Caricatures, Islam et musulmans en France : entretien avec Ghaleb Bencheikh

Aussi étonnant que cela puisse l’être, il n’y a pas de communautarisme des musulmans en France. S’il s’agit des accoutrements improbables, des comportements inacceptables, des discours intolérables, oui, cela existe et ça fait beaucoup de mal aux Français musulmans eux-mêmes et au reste des Français. Mais la communauté musulmane est la plus désorganisée, la plus désunie et elle n’est pas communautariste au sens qu’on entend, alors que d’autres types de communautarismes existent bel et bien dans la République. Donc du coup, on a compris que ce n’est pas le bon mot qu’il faut utiliser et on est passé au séparatisme. Mais même ce terme commence à poser problème, parce qu’on a parlé longtemps de séparatisme de territoire. Il y avait le séparatisme breton, corse, basque… En réalité, il y a des individus mus par une idéologie salafiste qui pensent que les lois religieuses priment les lois de la République. Ils ne reconnaissent pas la loi fondamentale qu’est la Constitution. Alors, pouvoir consolider le principe de laïcité, oui. N’oublions pas que la loi de 1905 n’est pas une loi de laïcité mais une loi de Séparation, la nuance est de taille. S’il faut elle-même l’amender, pourquoi pas, s’il faut une autre, pourquoi pas aussi. Simplement, il faut qu’on sache de quoi on parle au juste.

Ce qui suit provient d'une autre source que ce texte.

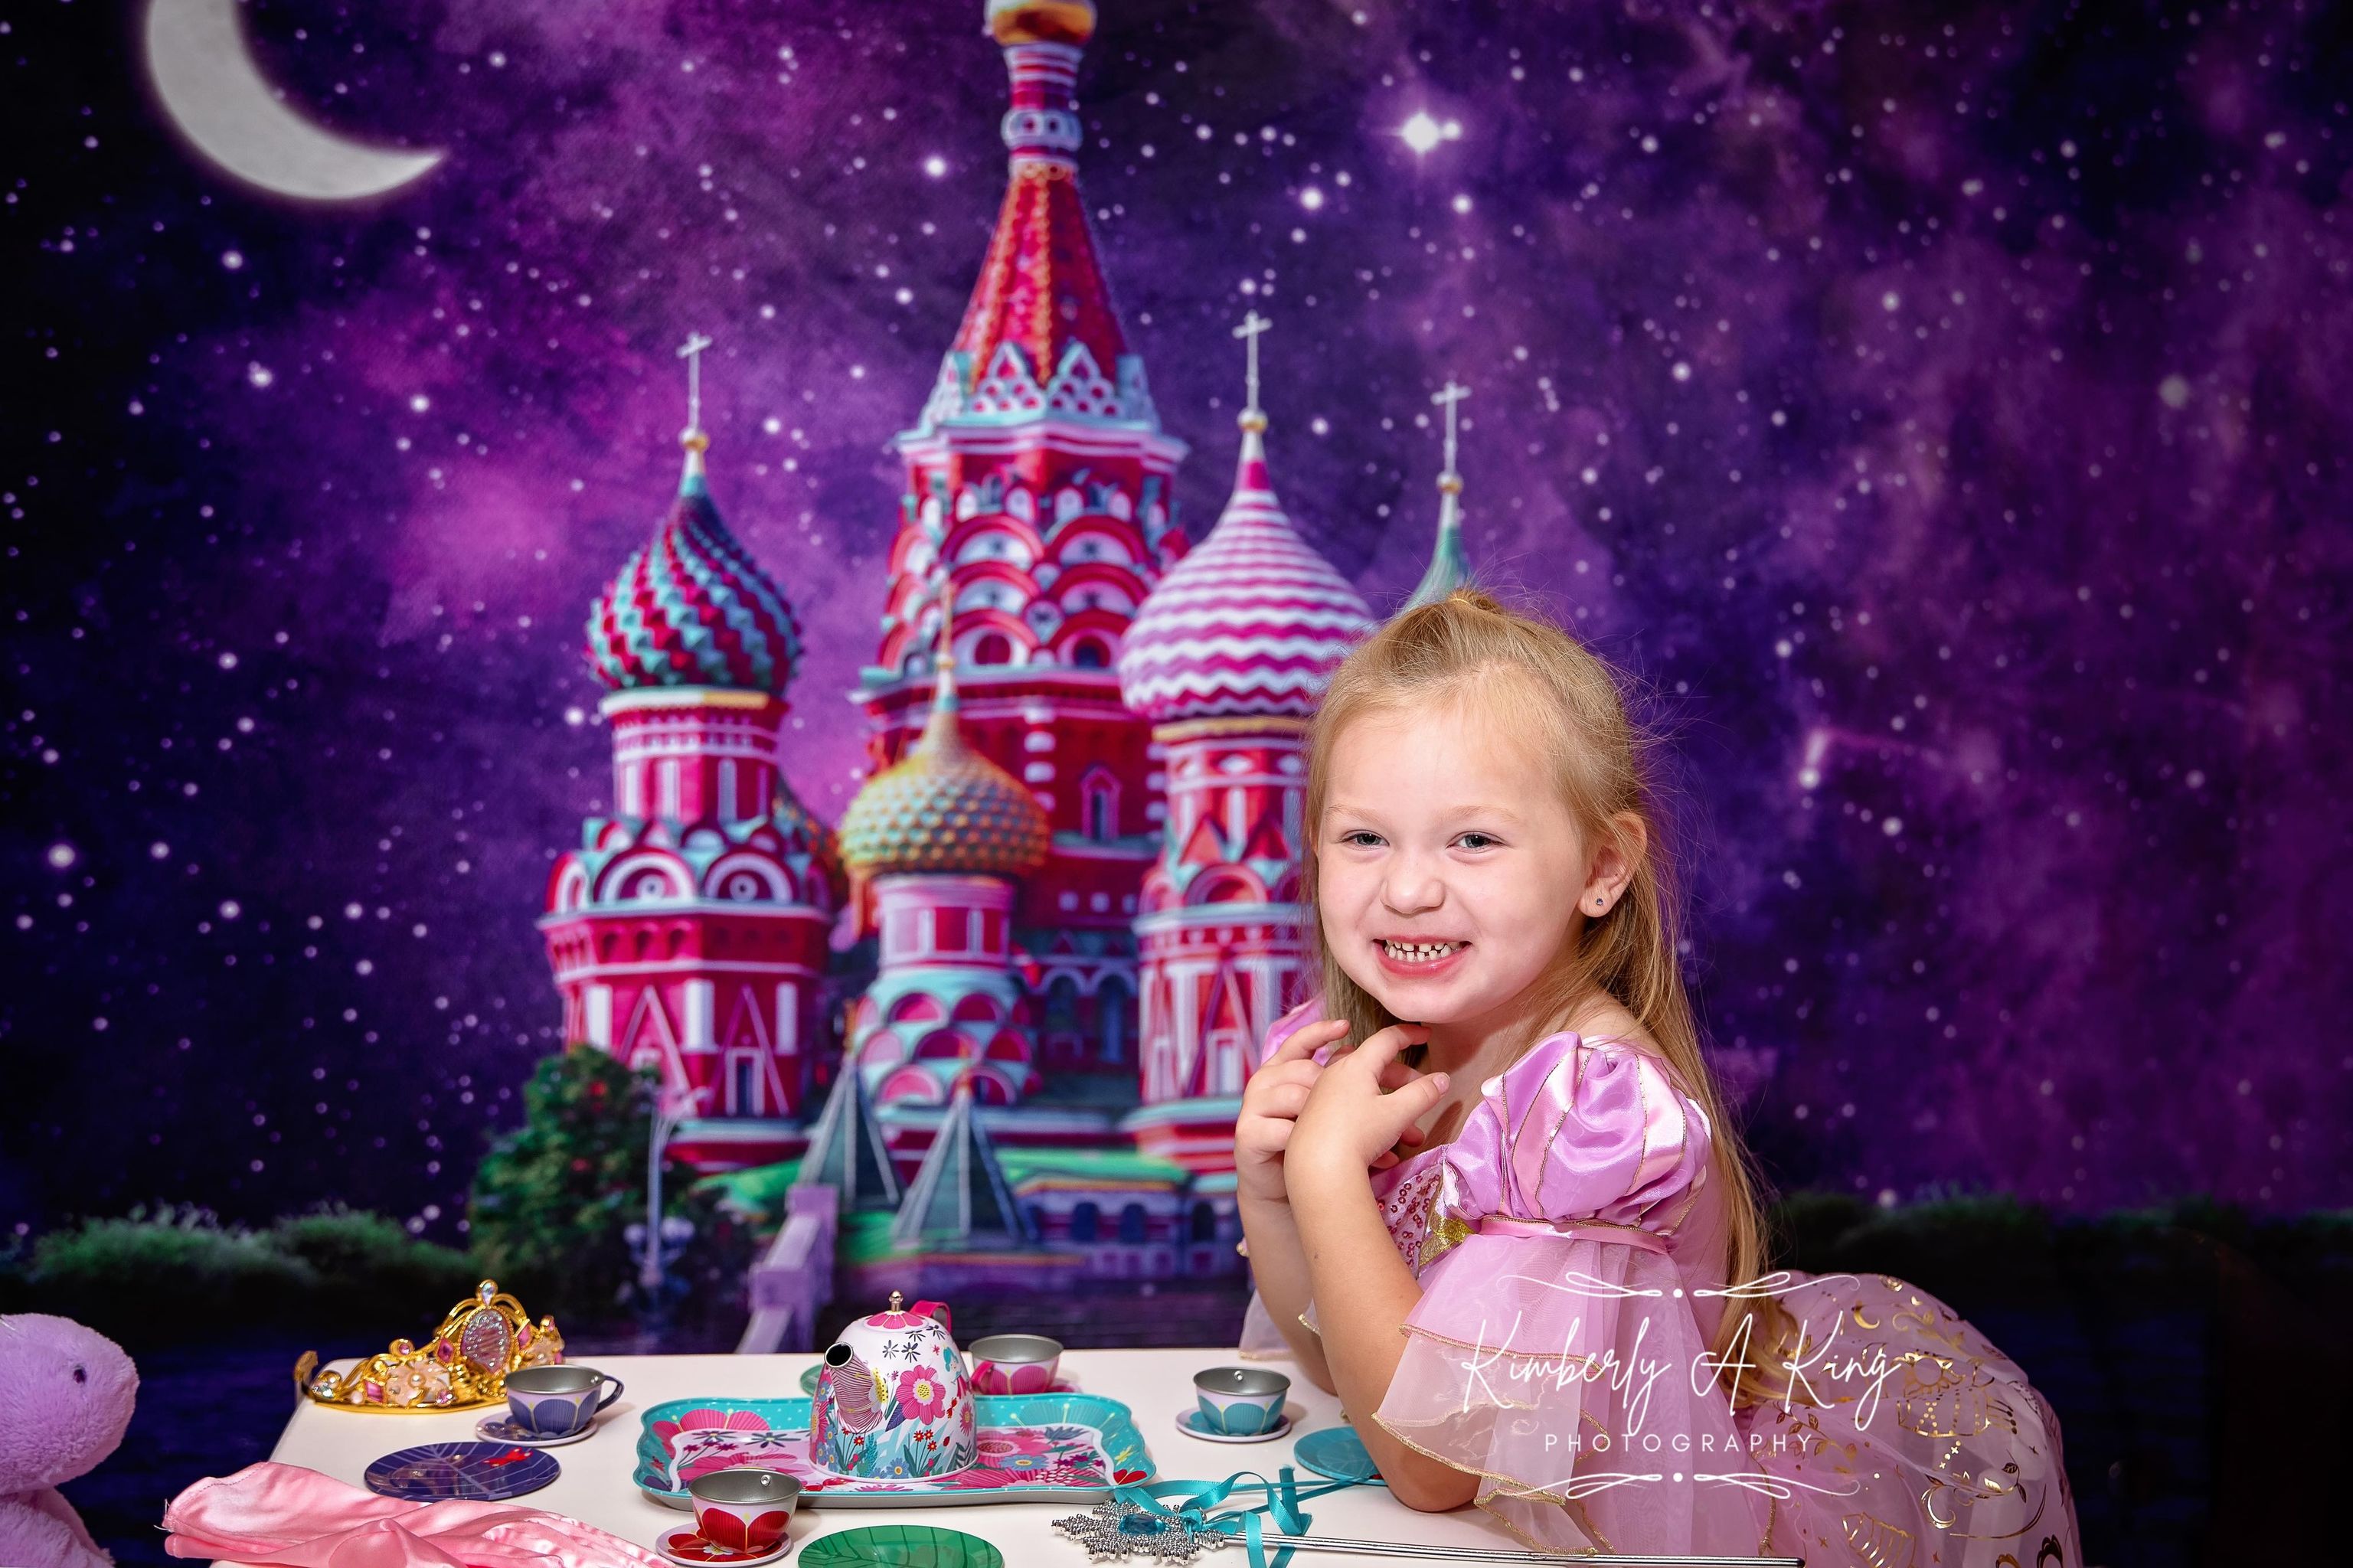 Kate Starry Night Colorful Castle Moon Purple Backdrop for Photography

Qu’est-ce qu’il faut selon vous pour structurer l’Islam en France ?

Il faut d’abord dire qu’on a un paradoxe qu’il faut rompre : on demande à l’État français de ne pas se mêler de l’organisation des cultes, en même temps on s’accommode de l’ingérence de puissances étrangères autocratiques. Même si cela paraît irréalisable pour l’instant, je pense qu’il faut que de l’intérieur de la composante islamique, on suscite l’adhésion autour d’hommes et de femmes probes, intègres, sérieux et ayant une connaissance fine de la question religieuse, de la bonne communication, de la liberté de ton et de parole et qui jouissent du respect des fidèles musulmans, afin d’être les interlocuteurs privilégiés des pouvoirs publics et en finir par exemple avec la présidence tournante du CFCM. Un coup on fait plaisir au Maroc, un coup à l’Algérie ou à la Turquie. Cela explique la désaffection de la jeunesse musulmane qui est restée comme une proie facile à des sermonnaires et des prédicateurs qui viennent de l’étranger.